Je crois que la littérature latino-américaine se porte bien. C’est une littérature très vivante, où l’on voit apparaître régulièrement de nouveaux écrivains, du Mexique à l’Argentine. Ce qui a probablement le plus changé au cours des cinquante dernières années, c’est qu’il est aujourd’hui beaucoup plus facile d’être publié pour un jeune écrivain latino-américain que cela ne l’était à mes débuts. Nous avons des maisons d’édition un peu partout en Amérique latine, et je crois que les Latino-Américains ont maintenant plus de sympathie qu’avant pour les écrivains natifs. Quand j’ai commencé à écrire dans les années 50, il était très difficile pour un écrivain latino-américain d’être publié. En dehors peut-être du Mexique et de l’Argentine, il n’y avait pas de maisons d’édition, ou bien elles étaient très petites. Je crois qu’à l’époque, il y avait une espèce de méfiance à l’égard des écrivains natifs. On avait l’impression que c’était une littérature trop régionaliste, trop provinciale, que les grands écrivains étaient Américains ou Européens. Bien sûr, tout cela a radicalement changé depuis. Il y a toujours des problèmes, mais en général, je crois qu’il y a un public beaucoup plus grand pour les écrivains de langue espagnole en général, et pour les écrivains latino-américains en particulier.

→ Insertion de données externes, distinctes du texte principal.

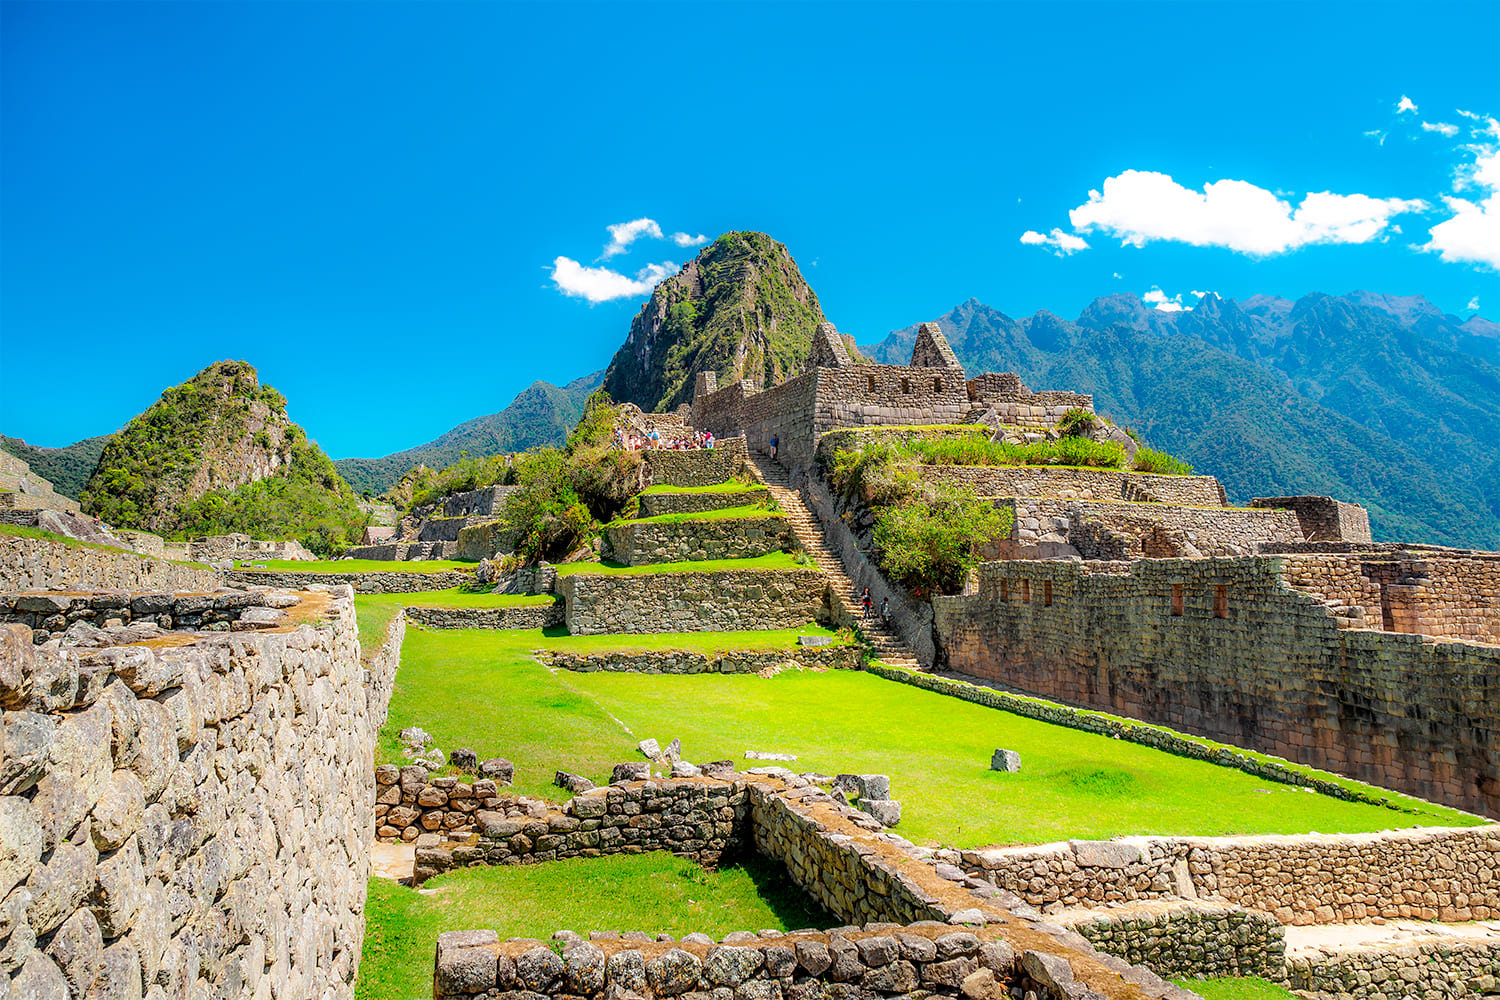 Entrance Llaqta Machu Picchu (Citadel)

Ce qui a beaucoup changé également, c’est que lorsque j’étais jeune, au Pérou, nous ne savions rien des écrivains d’Équateur, de la Colombie, du Chili, sauf des cas exceptionnels comme Pablo Neruda par exemple, que tout le monde connaissait. On ne savait pratiquement rien de ce qui se passait dans les autres pays de l’Amérique latine. Aujourd’hui, la communication est beaucoup plus grande et les conditions de travail des écrivains latino-américains sont bien meilleures (ou moins mauvaises) qu’à l’époque. Nos relations ont aussi changé avec l’Espagne. Il y avait un isolement total entre l’Espagne et l’Amérique latine dans les années 50-60, et ce n’est plus le cas aujourd’hui. D’autre part, je crois que de nombreuses maisons d’édition espagnoles se sont déplacées en Amérique latine, ont installé des filiales un peu partout, et cela a favorisé l’intégration de la vie éditoriale et culturelle entre l’Espagne et l’Amérique latine.

Comme écrivain, vous avez immédiatement atteint le succès et la gloire en 1962, dès votre premier roman La Ville et les chiens, livre récompensé avant même d’être édité. Comment expliquez-vous votre succès, qui ne s’est jamais démenti tout au long de votre carrière, alors que d’autres auteurs latino-américains comme Donoso, Onetti, Bianciotti, Rulfo, Lezama Lima ou Bioy Casares, n’obtinrent jamais une telle reconnaissance de la part du grand public ?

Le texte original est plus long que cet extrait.